According to the Swiss Federal Statistical Office, just under 52 percent of the approximately 481,000 multi-family units in Switzerland were built between 1946 and 2000, which means they will be between 22 and 76 years old in 2022. This is significant in that the first repairs to multi-family units are usually necessary after 20 years – and comprehensive renovation work is generally required after 50 to 70 years in order to preserve the building fabric.

Similarly, just over half of these multi-family units are privately owned and held as investment properties. Private individuals are usually unable to finance comprehensive renovation work from their own funds; it takes years or even decades for the investment to be amortized. How much does a viable renovation project cost and is it financially worthwhile?

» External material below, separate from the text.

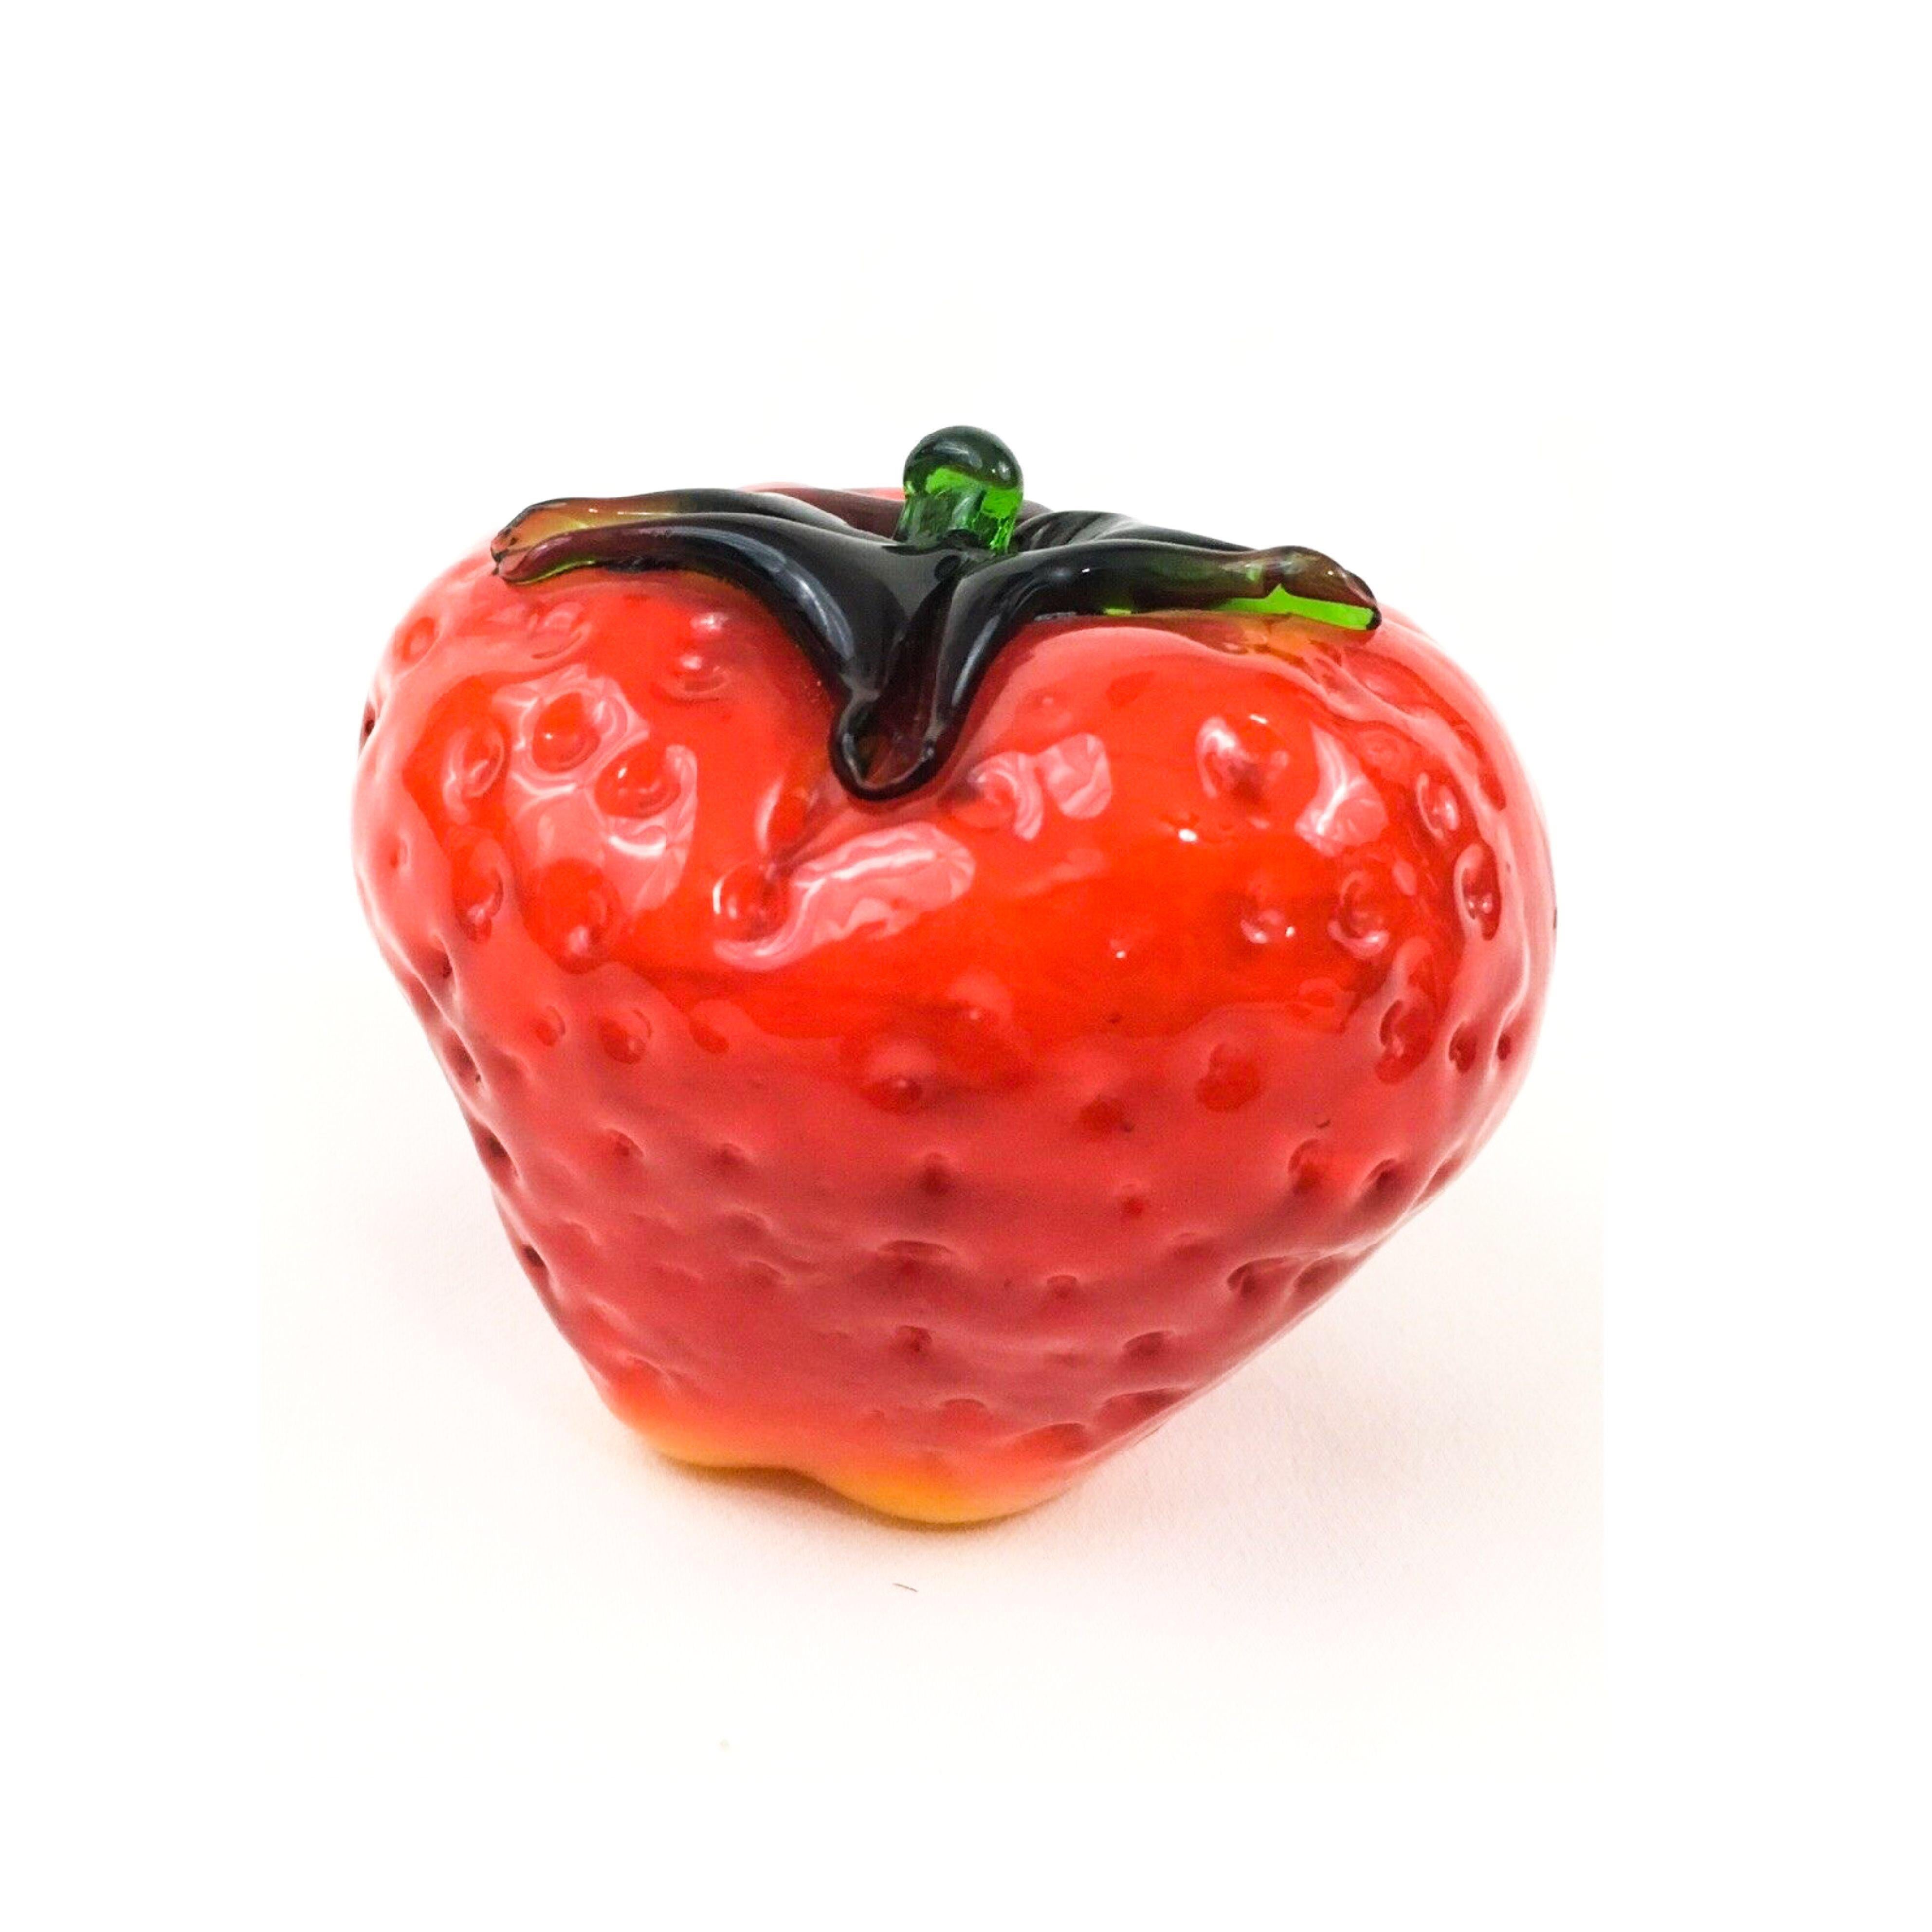 Vintage Murano art glass monumental red strawberry sculpture: blown-glass, pop art and truly adorable.

What factors does this depend on? What are your options, and are there any better alternatives? We explain the basics so that you can make an informed decision.

Let’s start with your options

1. Continue

You carry on renting without carrying out any renovation work, be it partial or total, and keep the building in a habitable condition with as little effort as possible. Any action you take is limited to touching up the paintwork or similar maintenance work (see also “Refurbish, renovate, modernize … what’s the difference?”)

  • With this option, the focus is clearly on optimizing returns rather than on preserving value.
  • You are aware that by foregoing value-preserving investments, it’s not only the living comfort that will suffer, but also the building fabric. The building will age faster and will need to be fully renovated or even demolished sooner.
  • By adjusting your rent to take into account the lower level of comfort, your risk of vacancies will remain low: you will always find tenants who prefer to live as cheaply as possible rather than as comfortably as possible.
  • There is a fine line between low investment in maintenance and scruffy or even dilapidated. The former is to be aimed for, the latter to be avoided at all costs.
  • If you know you will be demolishing the building in the foreseeable future or selling it as a condemned property, you can change your strategy from continuation to demolition management. You can optimize your returns even more by no longer maintaining the building, but simply carrying out urgent repairs as cost effectively as possible. For instance you can replace defective equipment not with new, but with used devices, and repair defective cables surface-mounted rather than flush-mounted.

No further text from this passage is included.